傷も癒され、痕も残っていない。パッチリ目が覚めたのでベッドから起き上がって、そばにあった私の装備を着て、部屋を出ようとしたら先に扉が開いた。
目の前にはカイト。その後ろはシルバさんとレイファさん。
「あ、おはよーございます?」
あ、今何時だ?昼だったらこんにちはか?というどうでもいい疑問が湧いて、疑問系になってしまった。

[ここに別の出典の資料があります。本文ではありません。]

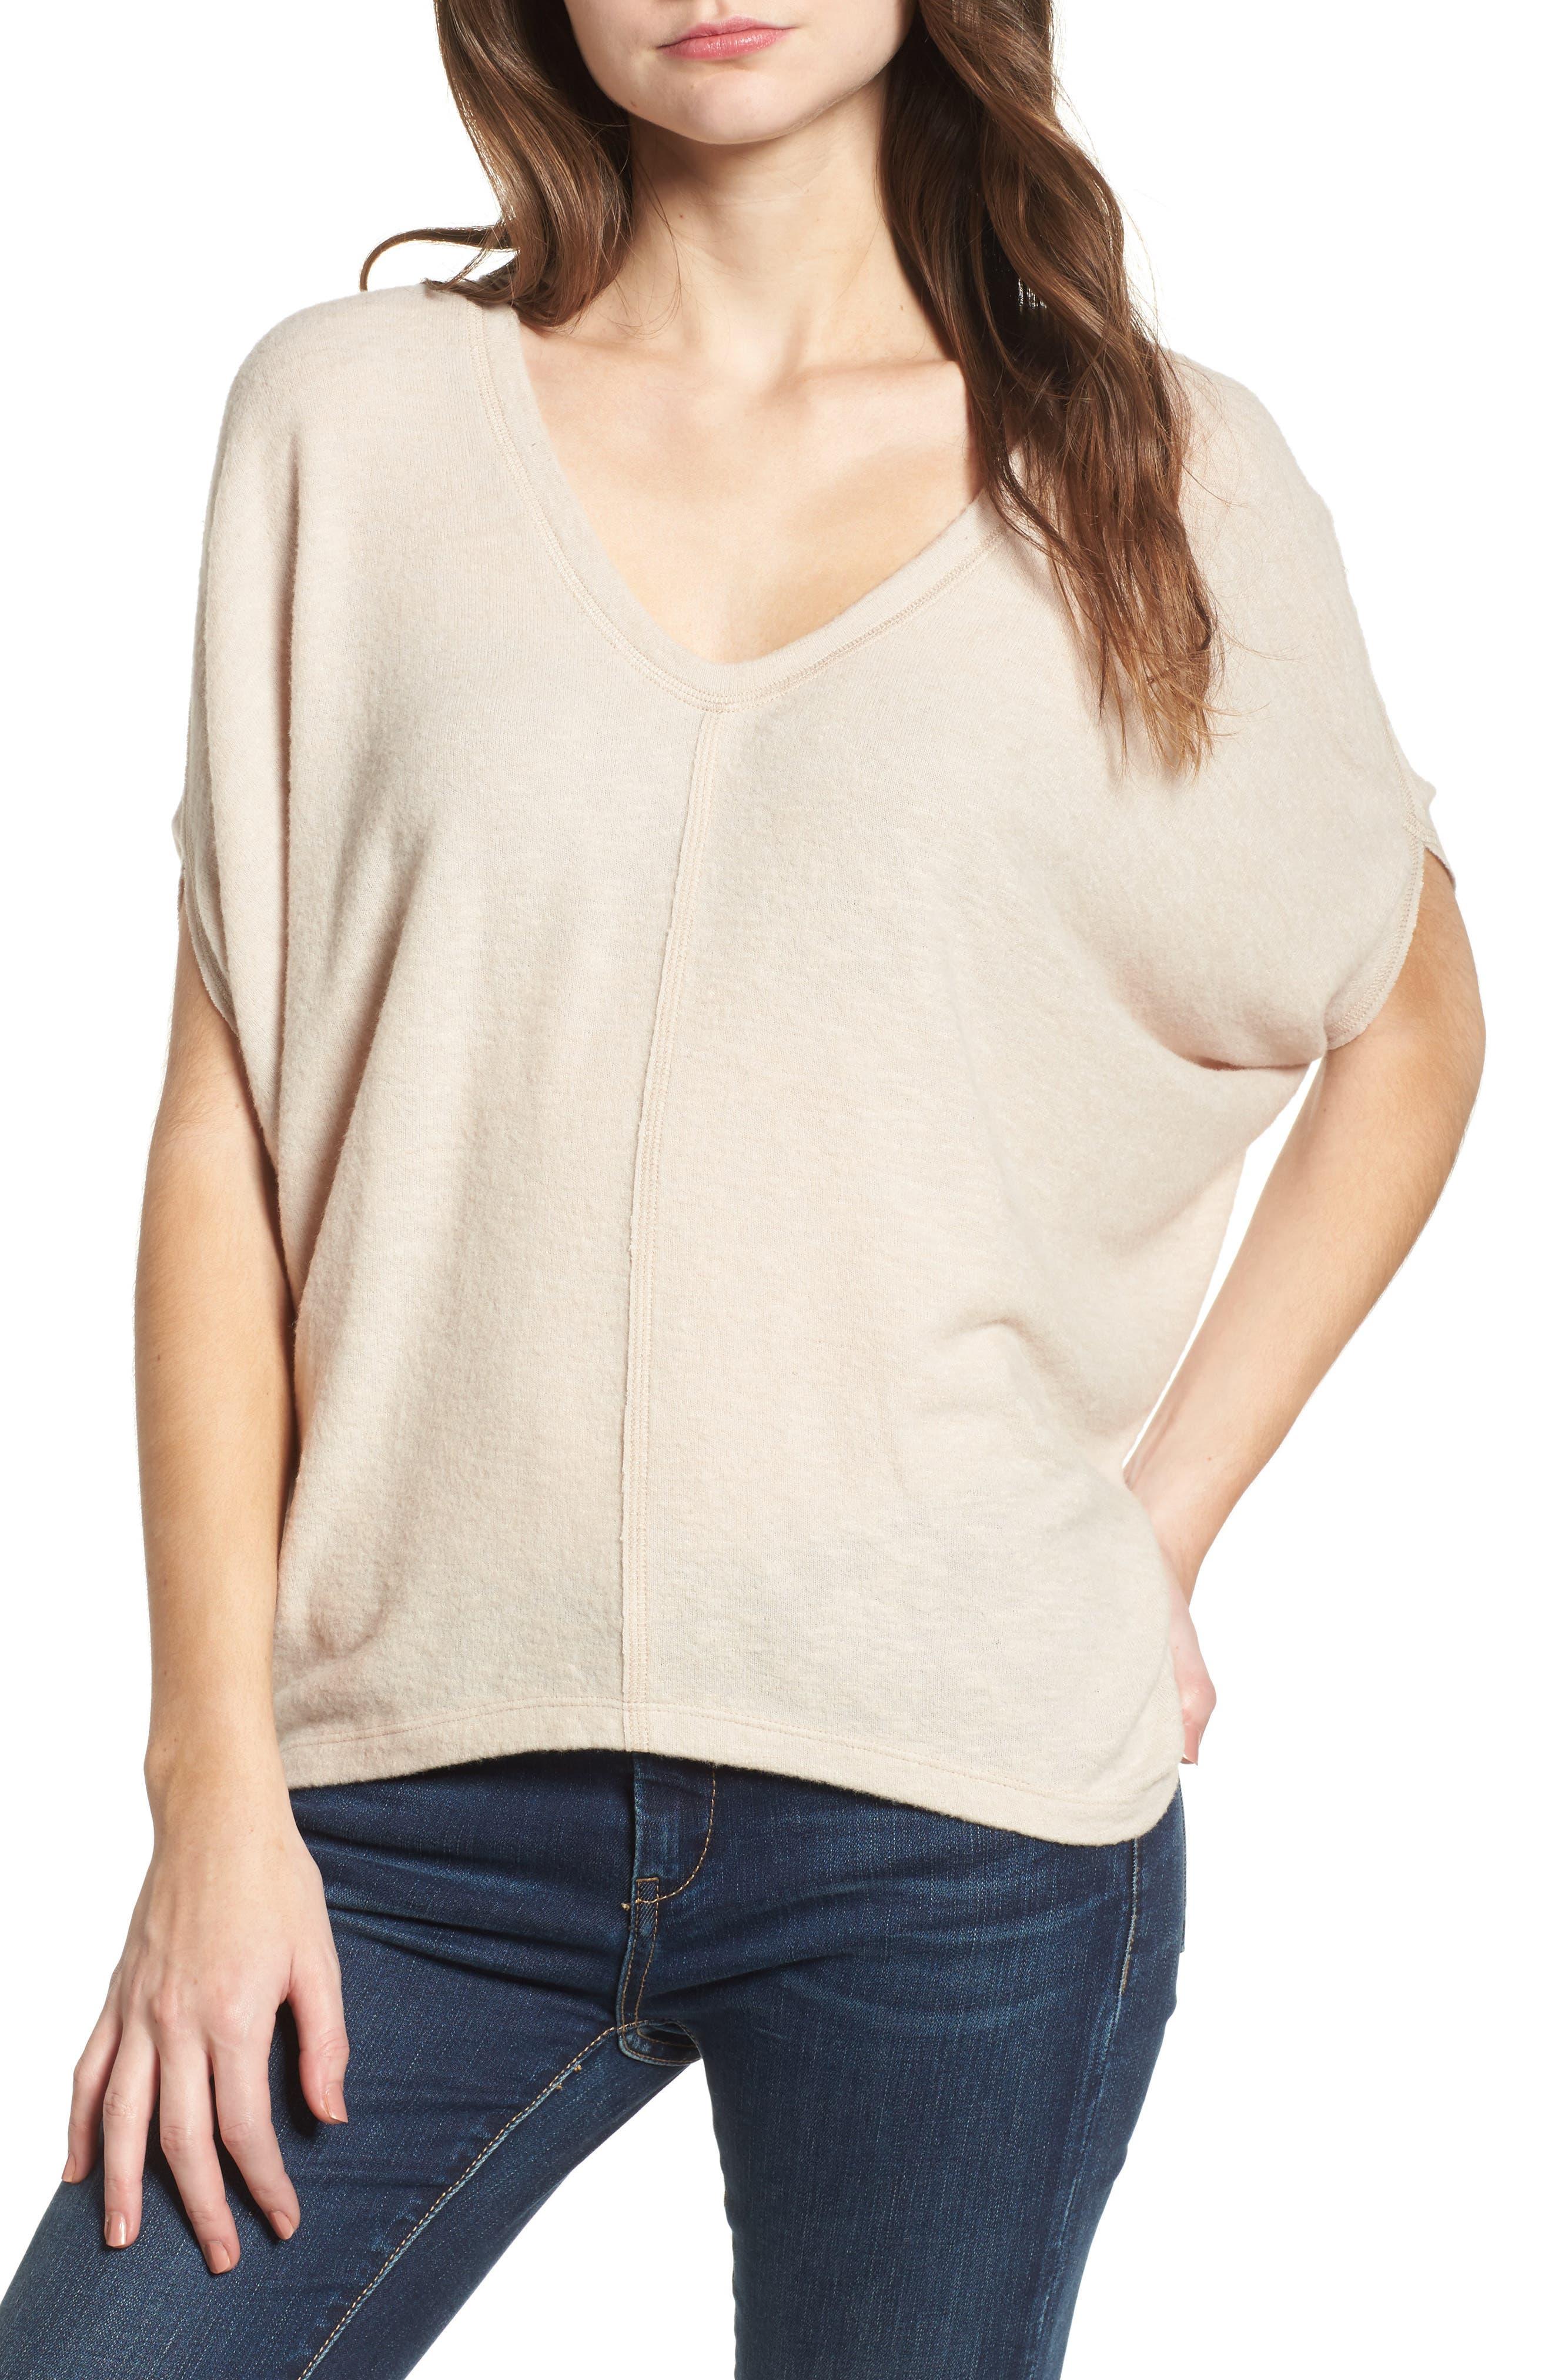 Cocoon Top,                         Main,                         color, 250

カイトが持っていた水の入った洗面器らしきものを手放して私に抱きついた。
流石の私もびっくり。
「やっと起きやがったぁ!!」
「ちょっと?!」
「よかった…よかった。」
「…これで全員無事帰還と報告できますね…」
なんか感動シーンが起きたようだけど!カイトが落とした水のせいで足濡れたんだけど!何してくれとんじゃ!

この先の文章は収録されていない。